Tool definition structure

const tools = [
  {
    type: 'function',
    function: {
      name: 'improveBio',                          // Function name
      description: 'Improve a dating profile bio',  // Model reads this to decide
      parameters: {
        type: 'object',
        properties: {
          currentBio: { type: 'string', description: 'Current bio text' },
          tone: {
            type: 'string',
            enum: ['witty', 'sincere', 'adventurous'],  // Constrained values
          },
        },
        required: ['currentBio'],       // Required arguments
        additionalProperties: false,    // No extra fields
      },
    },
  },
];

Tool definition best practices

PracticeWhy
Detailed description with trigger phrasesModel uses description to decide which tool to call
Use enum for constrained valuesPrevents model from inventing invalid values
Mark required fieldsModel knows which arguments it must provide
Set additionalProperties: falsePrevents unexpected extra fields
Add description to every propertyHelps model extract the right data from user input
Keep 3--5 parameters per toolMore parameters = more chances for errors

Message structure for tool calling

// First API call (routing)
messages: [
  { role: 'system', content: '...' },
  { role: 'user', content: 'Improve my bio: "I like hiking"' },
]

// Model response (tool call)
{
  role: 'assistant',
  content: null,                    // null when calling tools
  tool_calls: [{
    id: 'call_abc123',
    type: 'function',
    function: {
      name: 'improveBio',
      arguments: '{"currentBio":"I like hiking","tone":"witty"}' // JSON STRING
    }
  }]
}

// Second API call (with tool result)
messages: [
  { role: 'system', content: '...' },
  { role: 'user', content: '...' },
  { role: 'assistant', content: null, tool_calls: [{ ... }] },
  {
    role: 'tool',                      // Special role
    tool_call_id: 'call_abc123',       // MUST match
    content: '{"improved":"..."}',     // MUST be a string
  },
]

When to use tool calling vs JSON mode vs plain text

ScenarioApproachWhy
"Write me a poem"Plain textText IS the output
"Classify this email as spam"Structured output (JSON mode)LLM judgment is the result; no function needed
"What is my account balance?"Tool callingRequires database query
"Schedule a meeting at 2pm"Tool callingRequires creating an event (side effect)
"Calculate 15% tip on $47.83"Tool callingLLMs are unreliable at math
"Improve my dating bio"Tool callingNeeds business rules, validation, logging
"Thanks for helping!"Plain textConversational; no action needed

Decision rule: If the task requires data retrieval, API calls, calculations, mutations, or enforcing business rules --- use tool calling.

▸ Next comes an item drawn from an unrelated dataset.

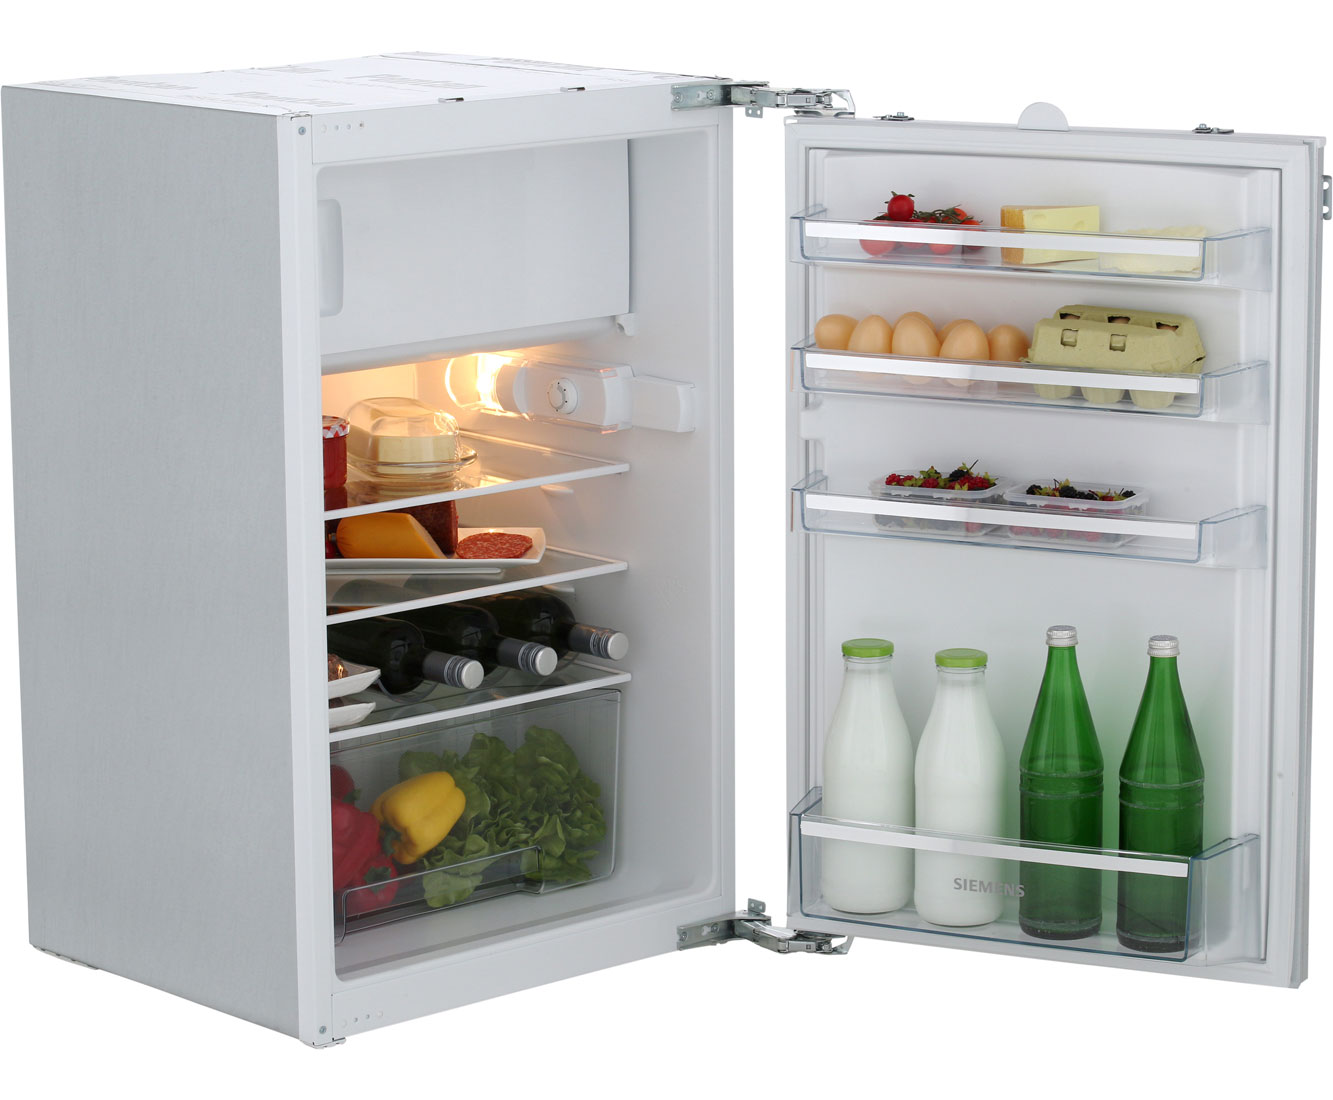 Siemens Kühlschrank Groß : Siemens ki18lv62 kühlschrank eingebaut 54cm weiß neu ebay

If the LLM's text output IS the result --- skip it.


Decision flowchart

Does the task require data NOT in the LLM's training?
  YES --> Tool calling (data retrieval)
  NO  -->
Does the task require a SIDE EFFECT?
  YES --> Tool calling (action tool)
  NO  -->
Does the task require PRECISE COMPUTATION?
  YES --> Tool calling (calculation tool)
  NO  -->
Does the task require EXACT BUSINESS RULES?
  YES --> Tool calling (business logic tool)
  NO  -->
Is the output STRUCTURED DATA for downstream code?
  YES --> Structured output (JSON mode)
  NO  --> Plain text generation

Deterministic invocation --- key code

// Parse arguments safely (ALWAYS wrap in try/catch)
function safeParseArguments(argsString) {
  try {
    return { success: true, data: JSON.parse(argsString) };
  } catch (error) {
    return { success: false, error: error.message };
  }
}

// Dispatch and execute
const functionMap = { improveBio, generateOpeners, moderateText };

const toolCall = message.tool_calls[0];
const parsed = safeParseArguments(toolCall.function.arguments);

if (!parsed.success) {
  // Return error as tool result
}
if (!functionMap[toolCall.function.name]) {
  // Return unknown-function error as tool result
}
const result = await functionMap[toolCall.function.name](parsed.data);

Parallel tool calls

// Model can return multiple tool_calls in one response
// Execute all in parallel, return ALL results

const toolResults = await Promise.all(
  assistantMessage.tool_calls.map(async (tc) => {
    const args = JSON.parse(tc.function.arguments);
    const result = await functionMap[tc.function.name](args);
    return {
      role: 'tool',
      tool_call_id: tc.id,          // Each result must match its call
      content: JSON.stringify(result),
    };
  })
);

// Disable parallel calls: parallel_tool_calls: false

Hybrid logic patterns

PatternWhat happensBest for
AI routes, code executes entirelyFunction is pure deterministic logic (regex, DB query, math)moderateText(), getAccountBalance(), calculateTip()
AI routes, code orchestrates AIFunction uses another LLM call with a specialized prompt, wrapped in guardrailsimproveBio(), generateOpeners(), content generation
AI routes, code chains stepsFunction runs a multi-step pipeline: validate, generate, filter, save, logprocessProfileUpdate(), complex workflows

The AI decision boundary

BEFORE the boundary (AI's domain):
  - Understand natural language
  - Classify intent (which function?)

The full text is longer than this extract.